The point to notice is the fascinating side of human brain. The humans are so special on earth and the universe esp for their brain. Its size is way beyond the comparision with an elephant which only buttresses the fact that size doesn't always matter. Without a intelligent brain, we are no good than an insect whose life has no purpose than to be born, to feed and then to die, thats it! What an injustice to life!
Although the insect understands what a life is and how important it is. Thats why it never approaches the fire, knows his enemy, and avoids anything that may cause pain to him/her. That brings us again to comment on the authencity of the statement I just made. I stated that an insect avoids the hostile places because he fears for his life like we do but what if I say its just to avoid pain. A sense of pain is inherent in every organism and everyone tries to avoid things that may cause pain. In this case I think it better to attribe the cause to the insect's fear for life than pain, because it looks more sober (atleast for the insect) and rest the concerns.
The brain differentiates us from the insect. I am fortunate that I am born as a human and not like a cow or a dog or a crawling insect. Thats the biggest reason I celebrate my birthday. But then it again raises a bold question in my mind, Whats the reason? Why I am born as a human? Whats my purpose? and so on
The answers to some of our questions cannot be answered because the science has not reached its peak. Yeah I said science and not God because I have partial beliefs in the existence of God. Blame it on my education but my study of science has always compelled me to accept only if I have reasons good enough and that too it must be valid, like I can prove it similar to a theorem (in maths or physics) or formula (physics) etc. Many people around me have serious faiths in God and I don't question their faith. In-fact I am always open to accept God but before that I must be convinced of its existence. Merely saying that there exists a supernatural force in the skies (and why not in the underground or in the trees?) and he is the supreme and bla bla bla as if God is always there for your blames. You fail in anything, blame it on something non-existent. Easy! Just like you fail in an exam and then blame it on fate (again a big question mark like God) or God and never look back and see if you never studied.
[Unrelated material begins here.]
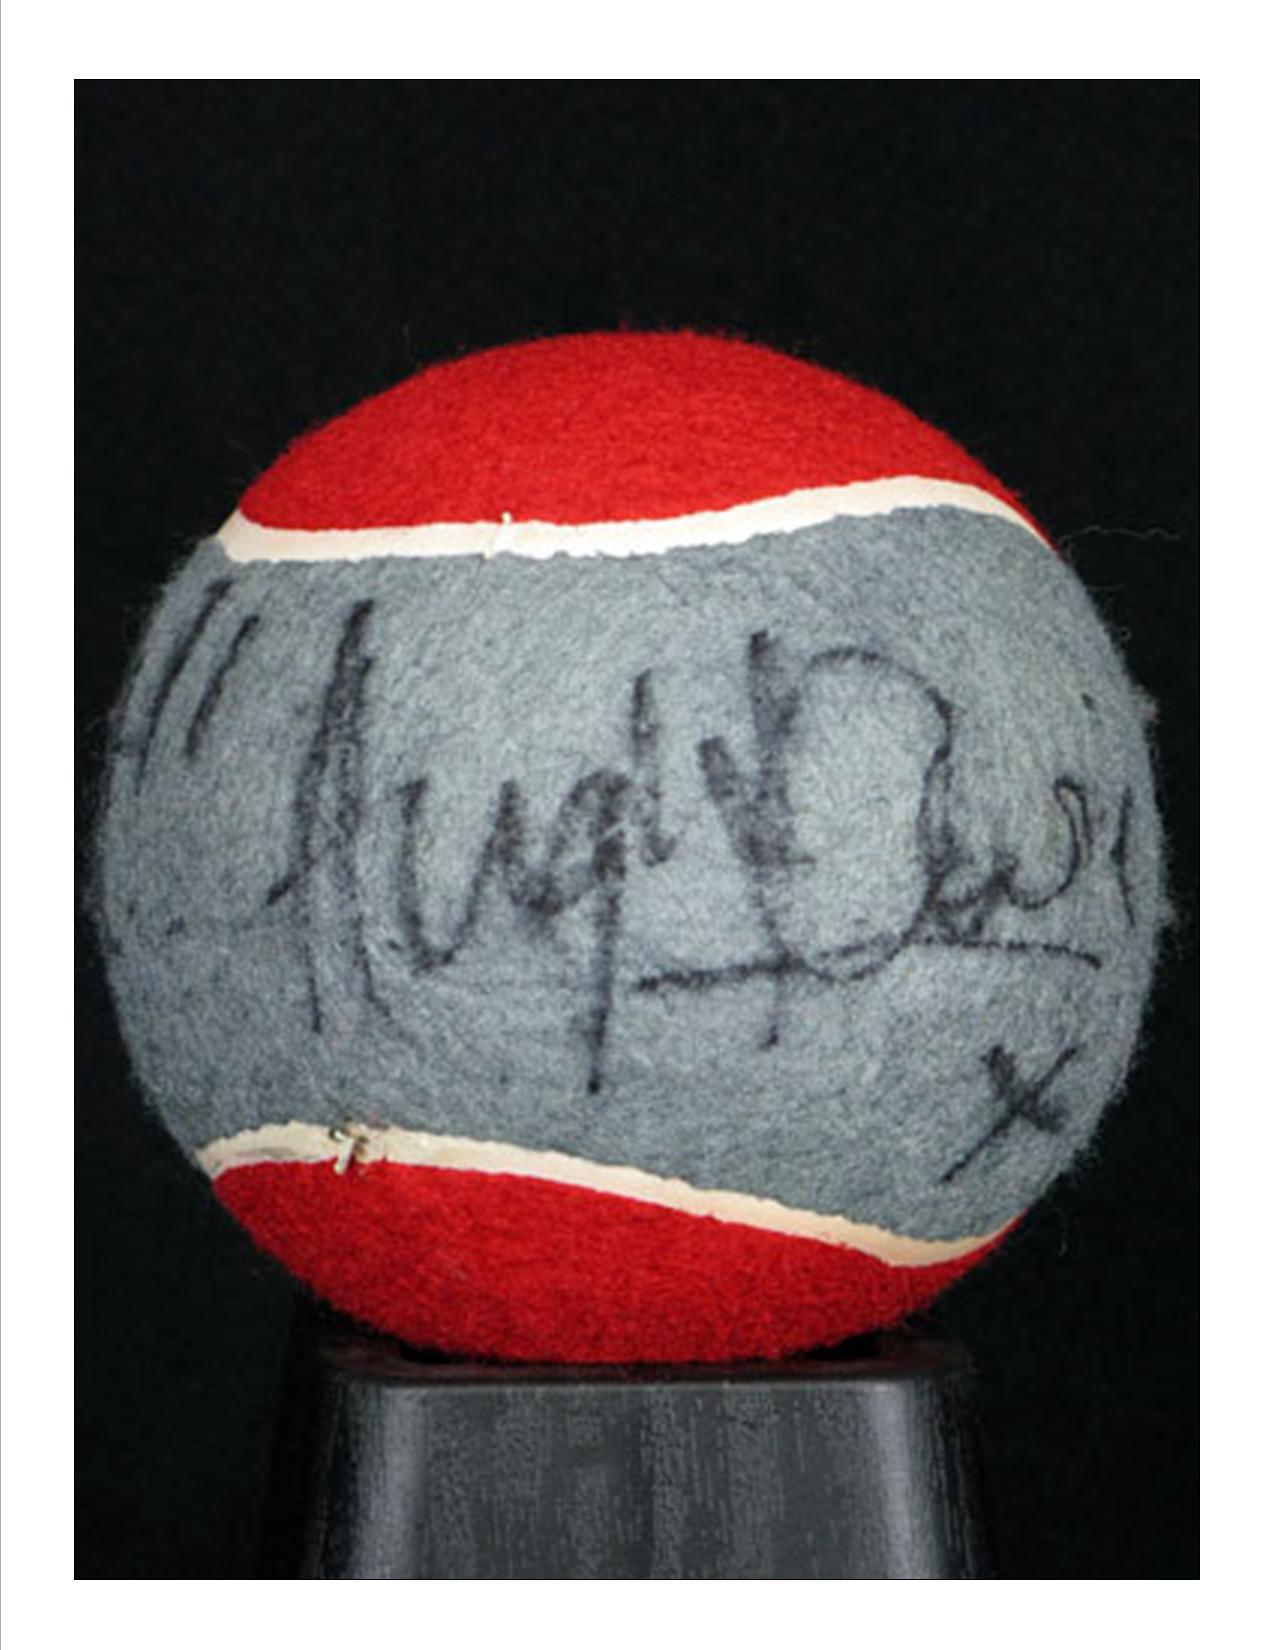 Hugh autographs House tennis ball
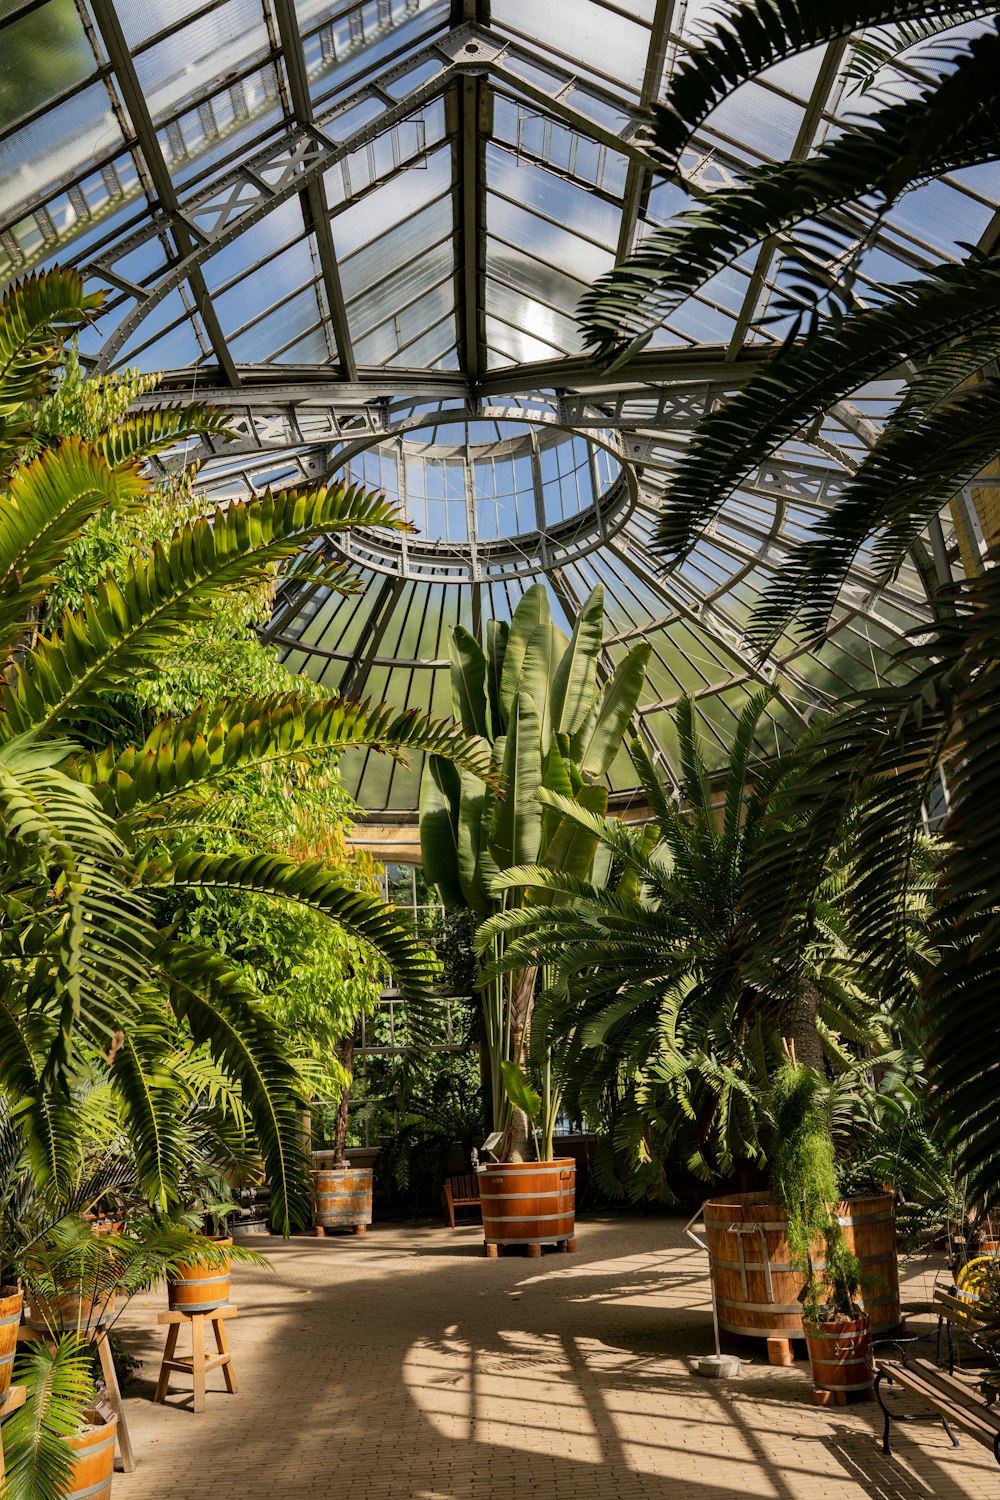 a large indoor planter garden

Many many years ago, when science was absent on earth, or atleast not developed to the extent it is now, people used to revere moon, sun, stars. Now we know whats the moon, what drives sun and what makes the starts twinkle, thanks to science. The same humans have now put their foot on moon which sometime back was a God. So, you see?
Anything thats God is merely an object sometime in the future. You just have to wait and let science do the talking. I have strong faith in science because the explanations to events are meaningful and rational, at least believable and not something bogus like God on which many more questions can be raised. People may argument that God breathes life in a cell, something on which science is silent but to those people I can only say to wait a few more years till science comes out with artificial life (a robot is life in the making).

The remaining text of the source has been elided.